The machines provided pathways
of upward socioeconomic mobility
for ethnic minorities, such as Irish
and Italian immigrants. They also
offered a social welfare framework
when economic transformations
were causing dislocations and massive poverty while the government
did not provide welfare services.
For example, machine bosses commonly appeared at wakes to offer
assistance to widows and children
of the deceased. At a minimum, this
assistance might pay for funeral
expenses, but it could also cover
the rent and pay for food for a short
time. Progressive reformers who
were part of the educated social
elite were effectively excluded from
the machine party system.
Irving Underhill, 1914
In New York City, machine bosses used to meet and
divide up public contracts in the Tammany Hall clubhouse, which over time came to symbolize the corruption of machine party politics.
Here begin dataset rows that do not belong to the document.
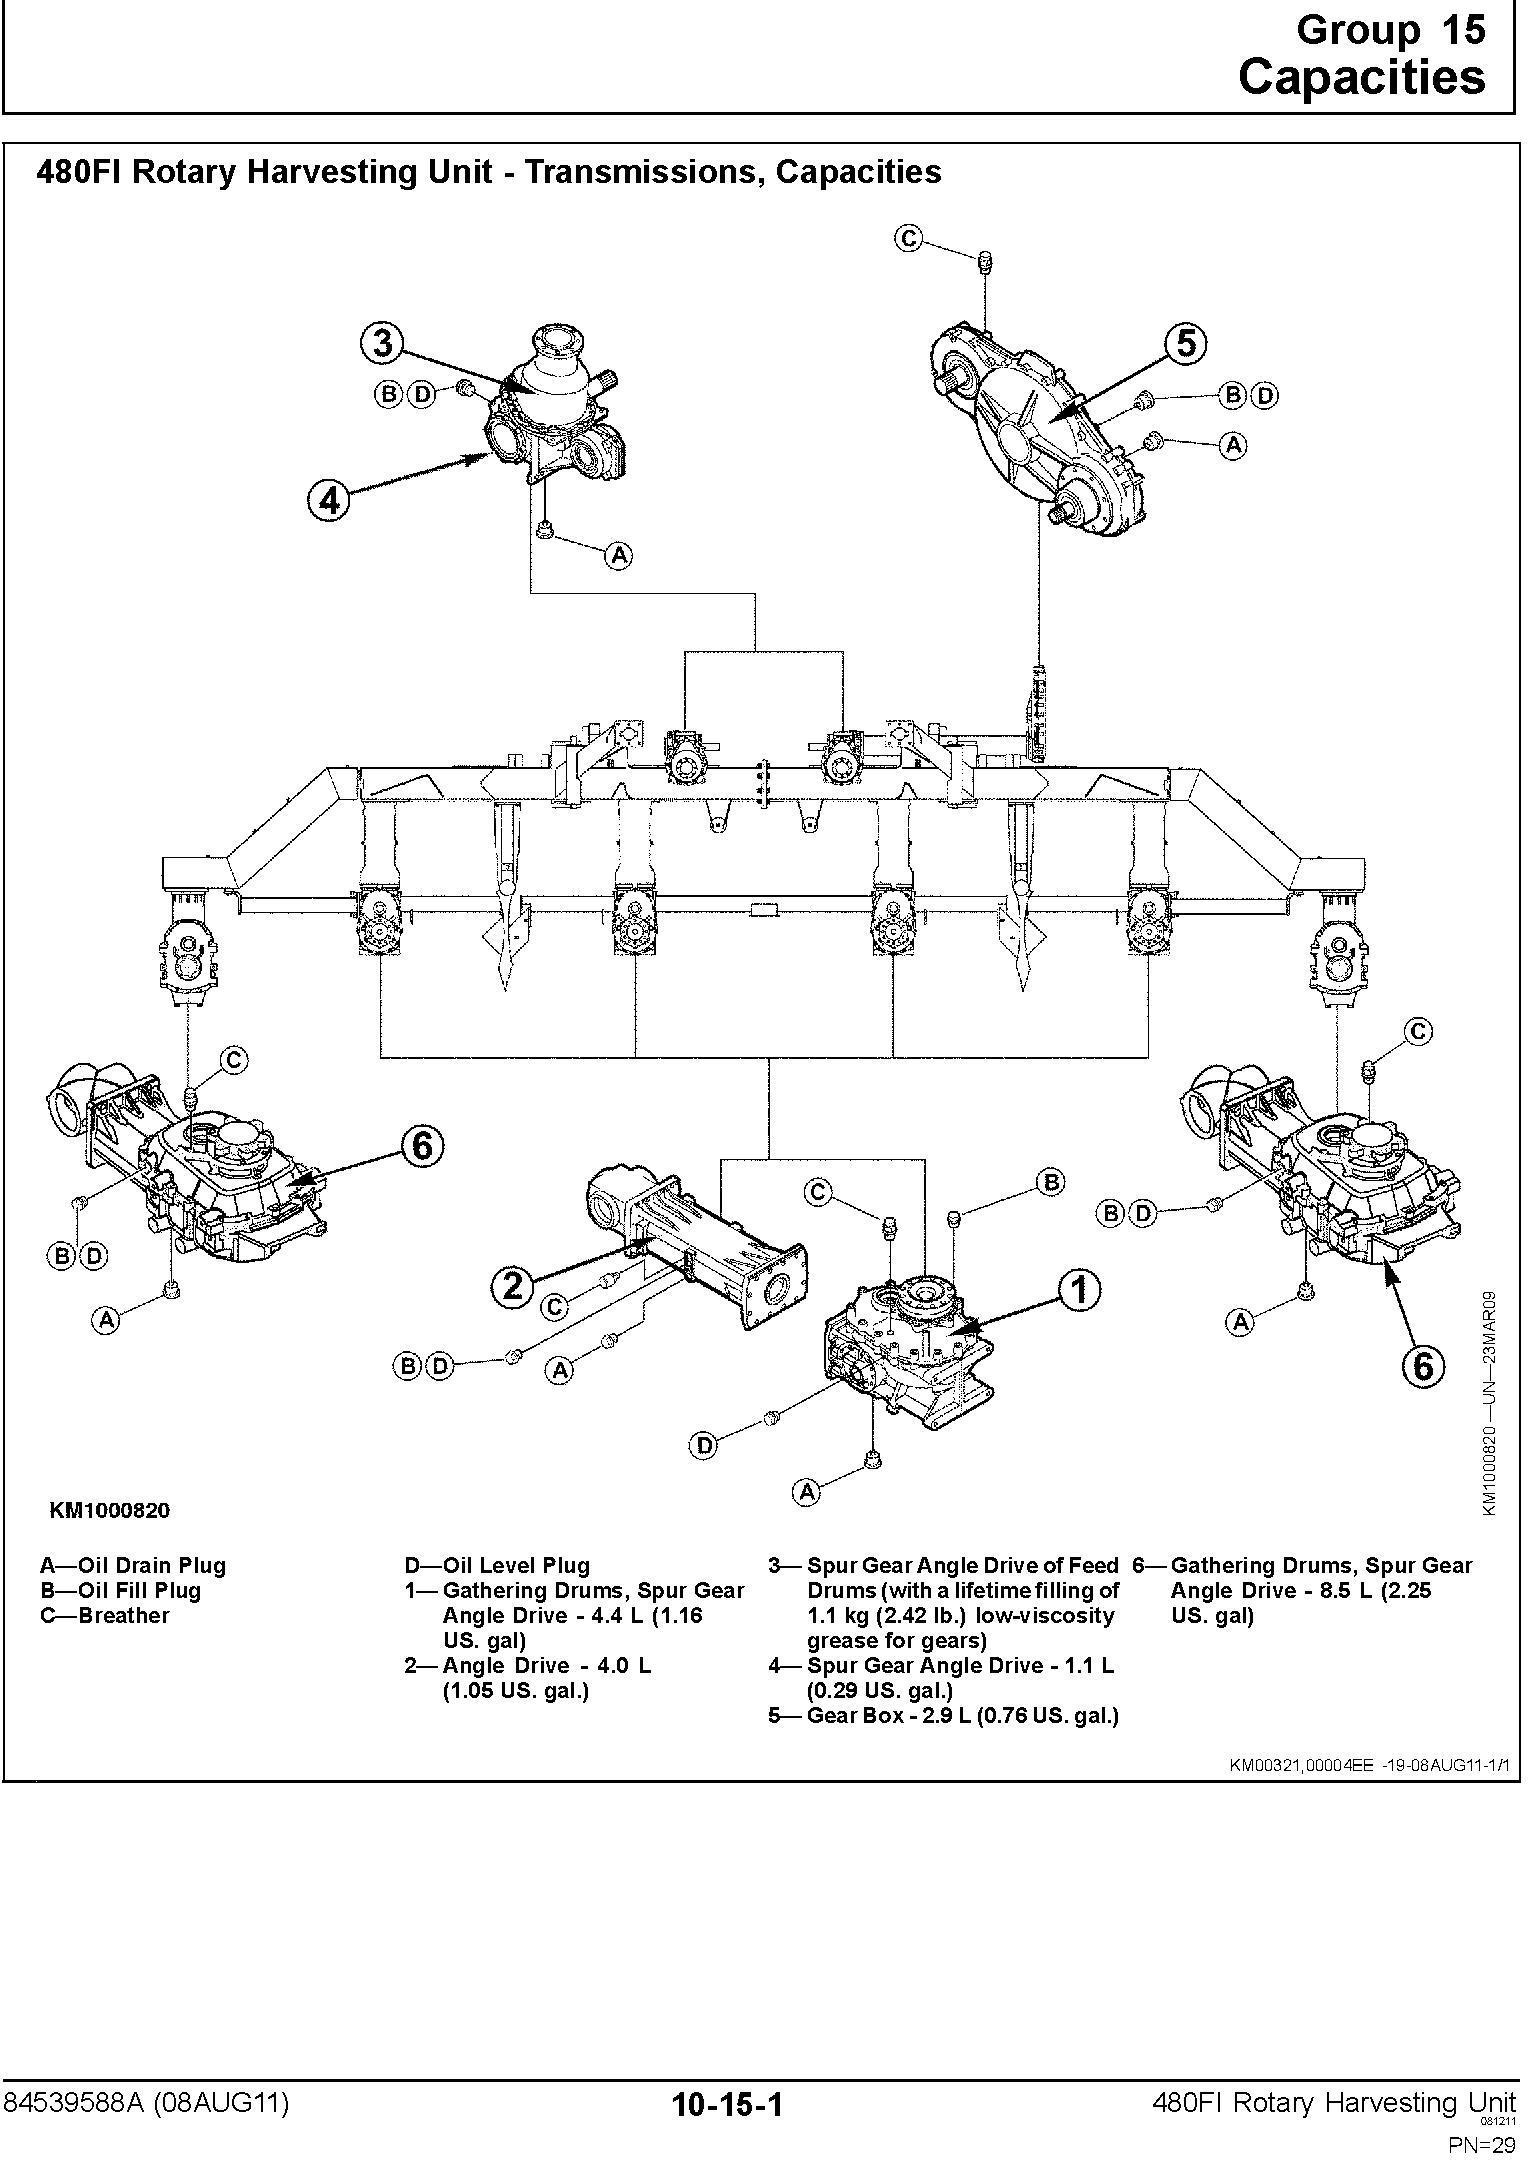 New Holland 480FI Row Independent Corn Head Service Manual - 2
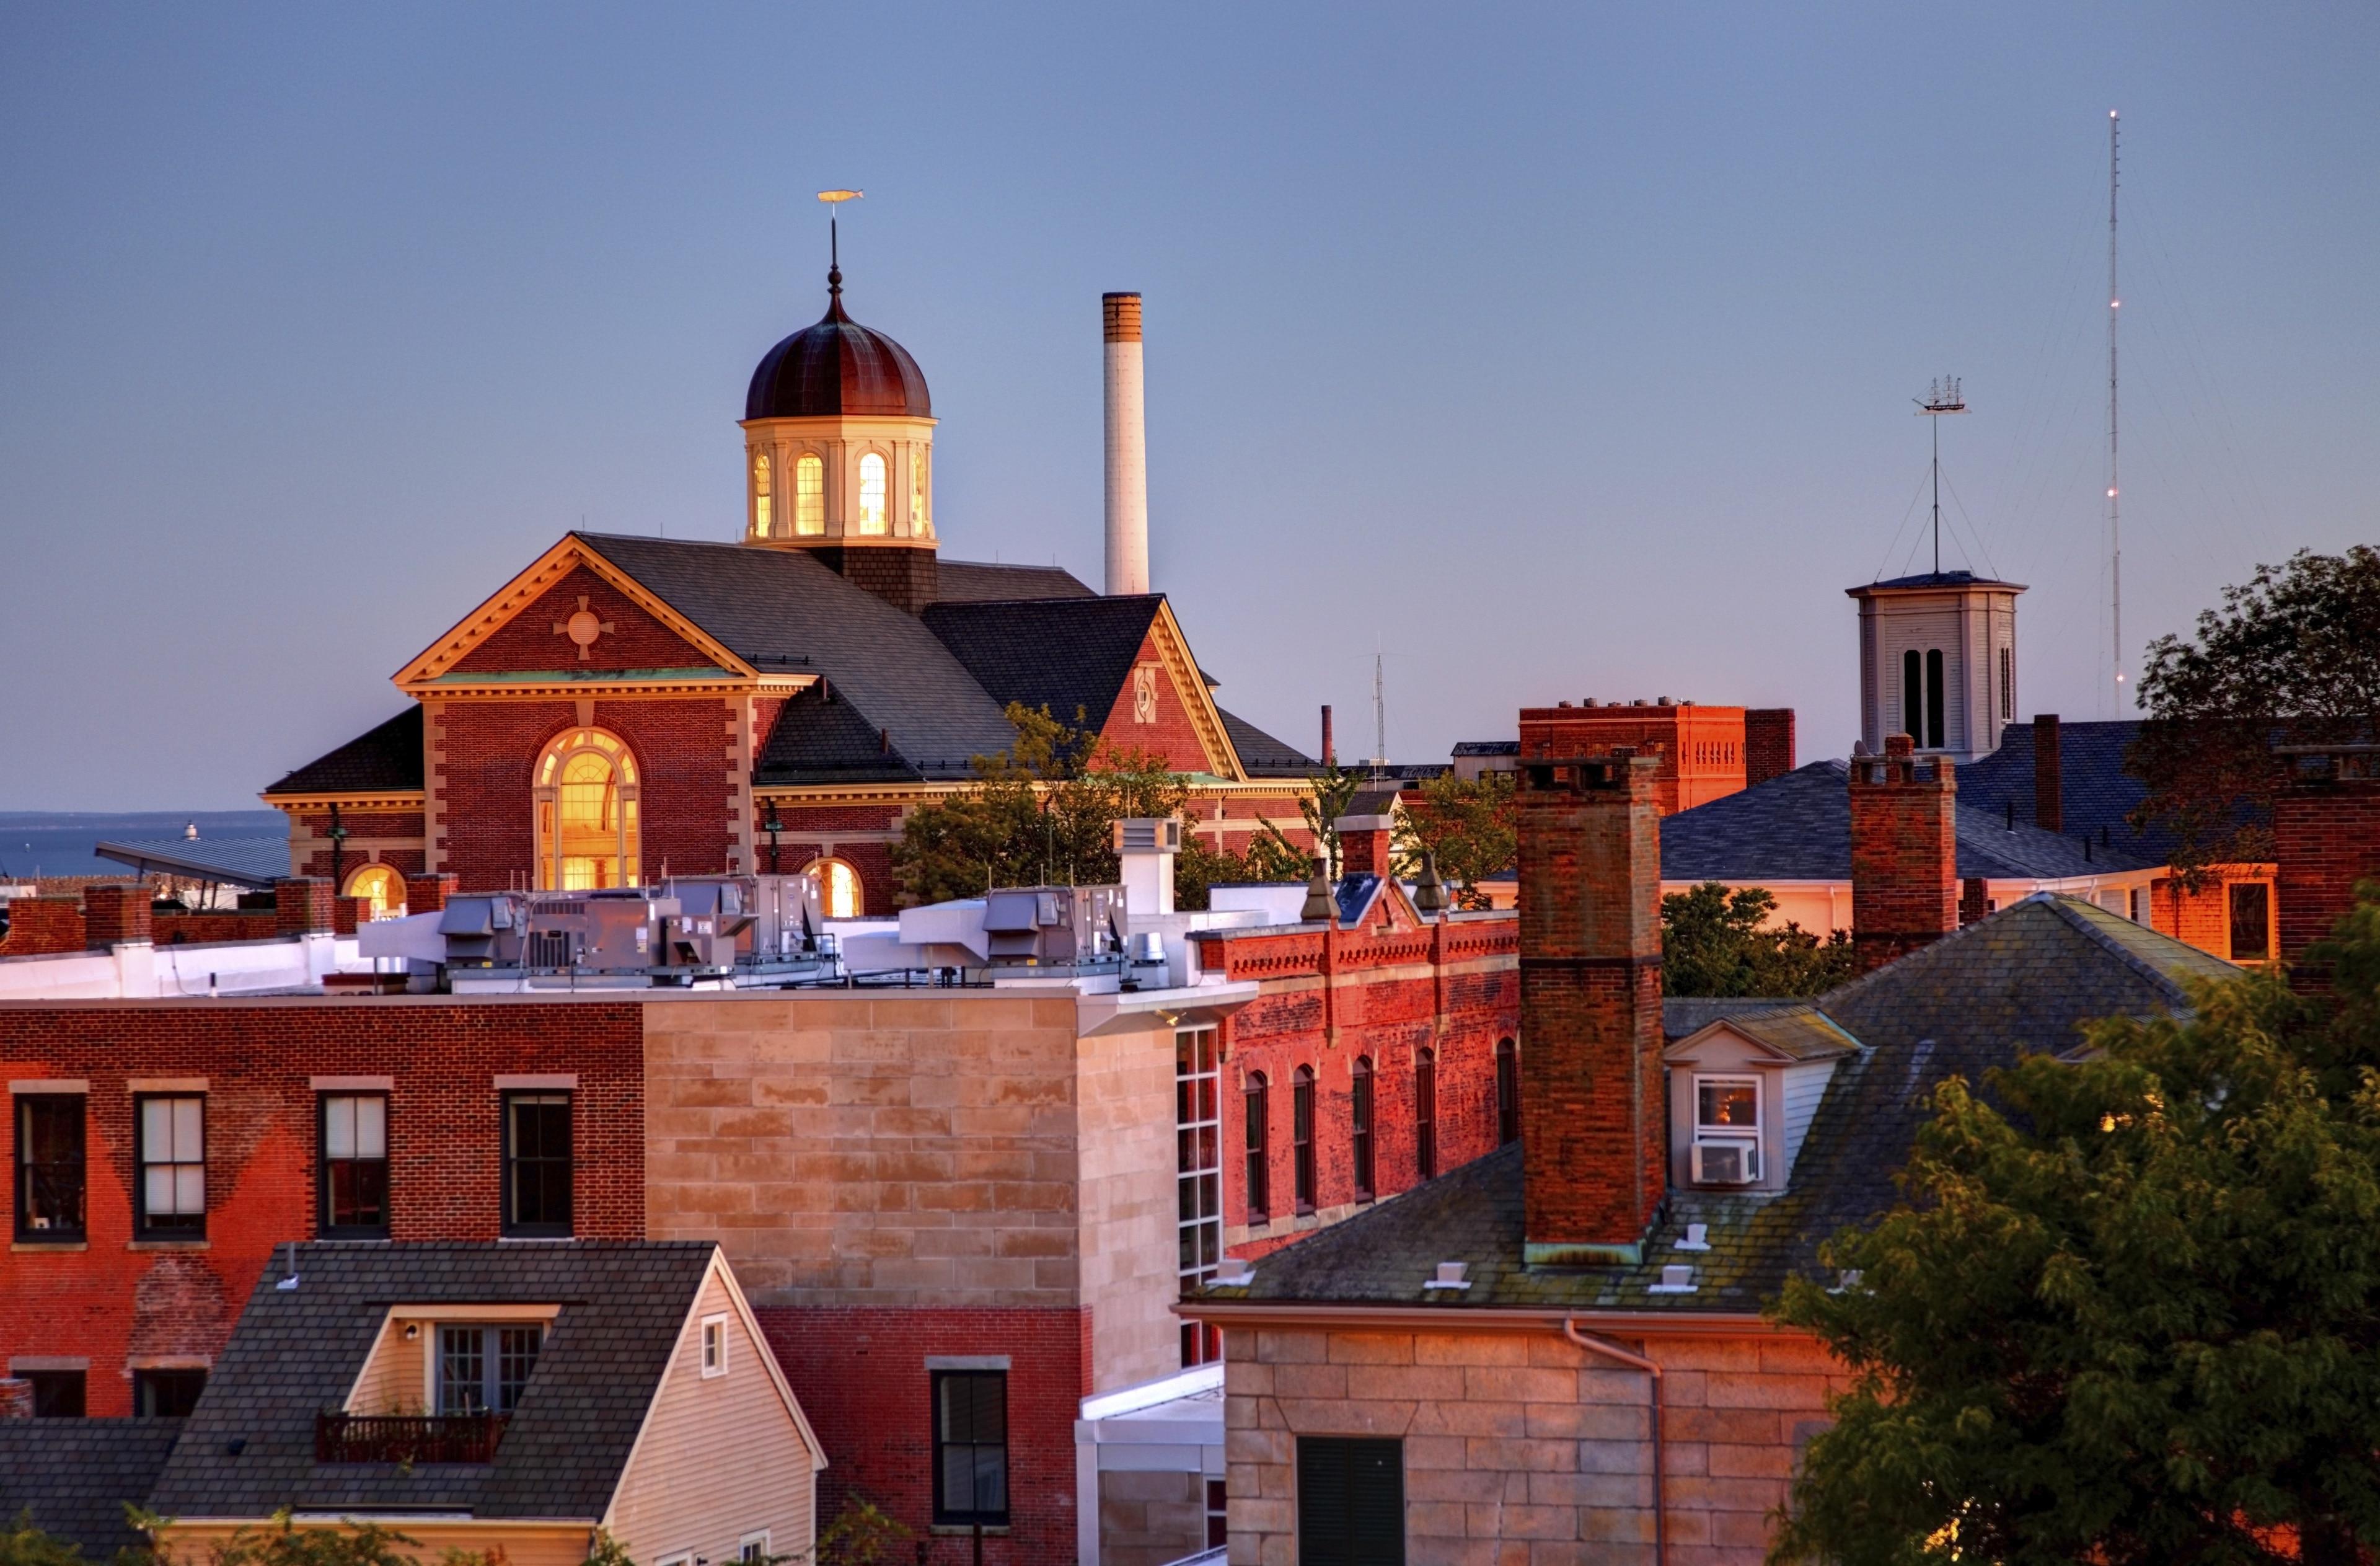 Bristol County, Massachusetts, United States of America
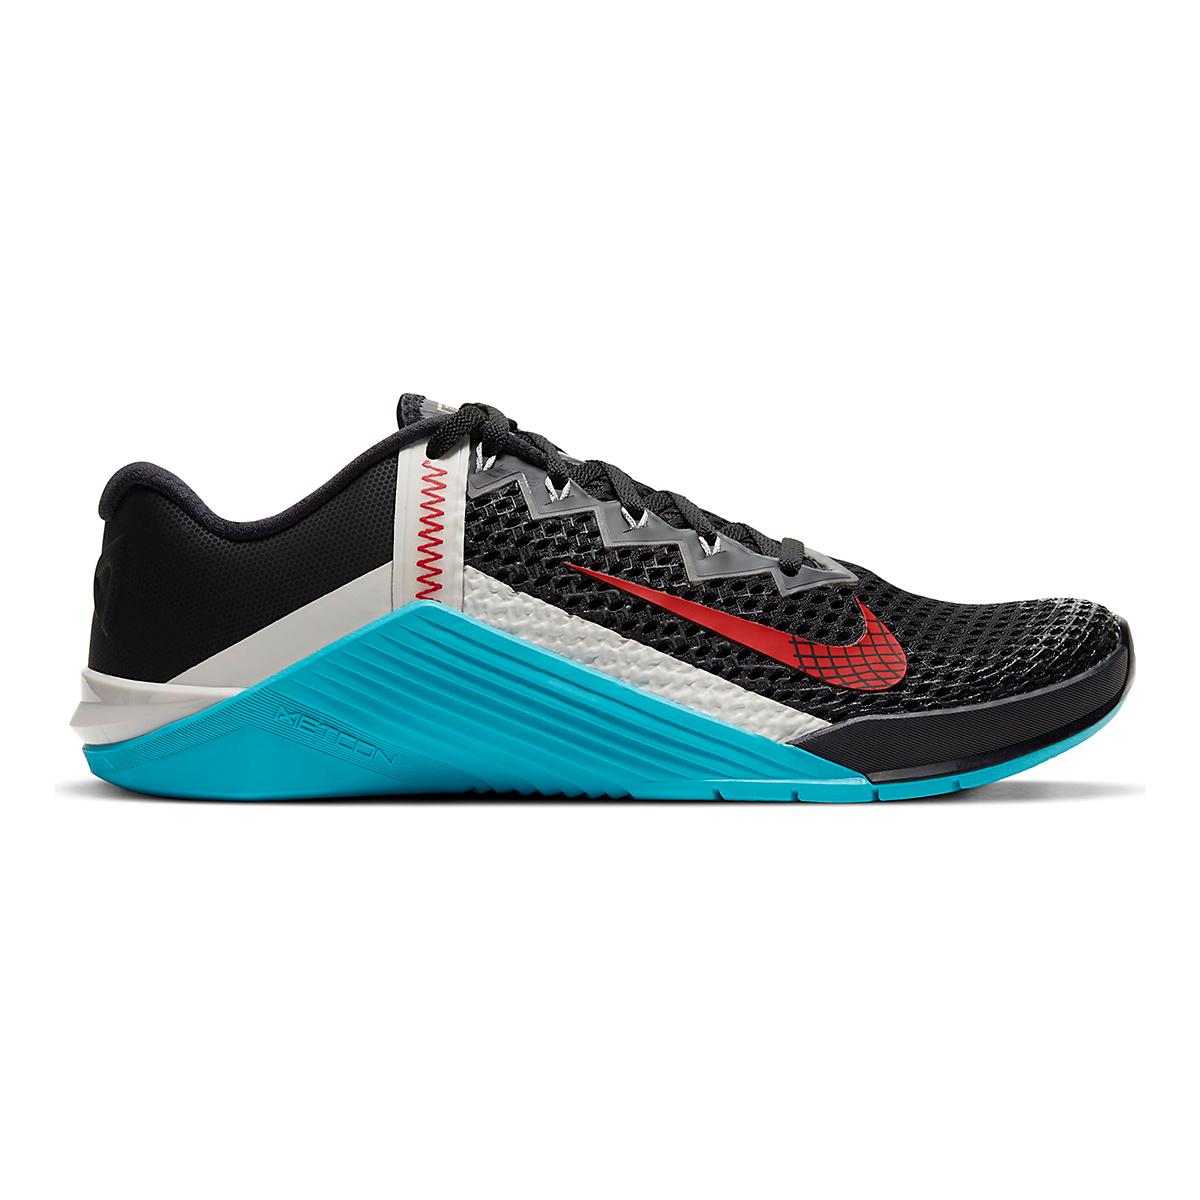 Men's Nike Metcon 6 Training Shoes - Color: Black/University Red/Light Blue Fury - Size: 5 - Width: Regular, Black/University Red/Light Blue Fury, large, image 1

For the educated elite to regain leadership, the rules of the game had to change. Progressives
supported primary elections to weaken the stranglehold of the machine bosses, as voters
could choose their own party nominees rather than having party bosses choose for them.
Reformers also sought local-level nonpartisan elections and strict voter registration requirements to reduce voter fraud. Finally, they sought to establish civil service systems to eliminate
the patronage system altogether.
These reforms, however, were slow in coming. Some states, such as California and Wisconsin,
were more successful than others. Over the years, more states adopted primary elections. As
late as 1960, only eight states held presidential primaries. This meant that presidential candidates, even as late as 1968, could bypass primary election states altogether and secure the
party nomination by negotiating with state party chairs.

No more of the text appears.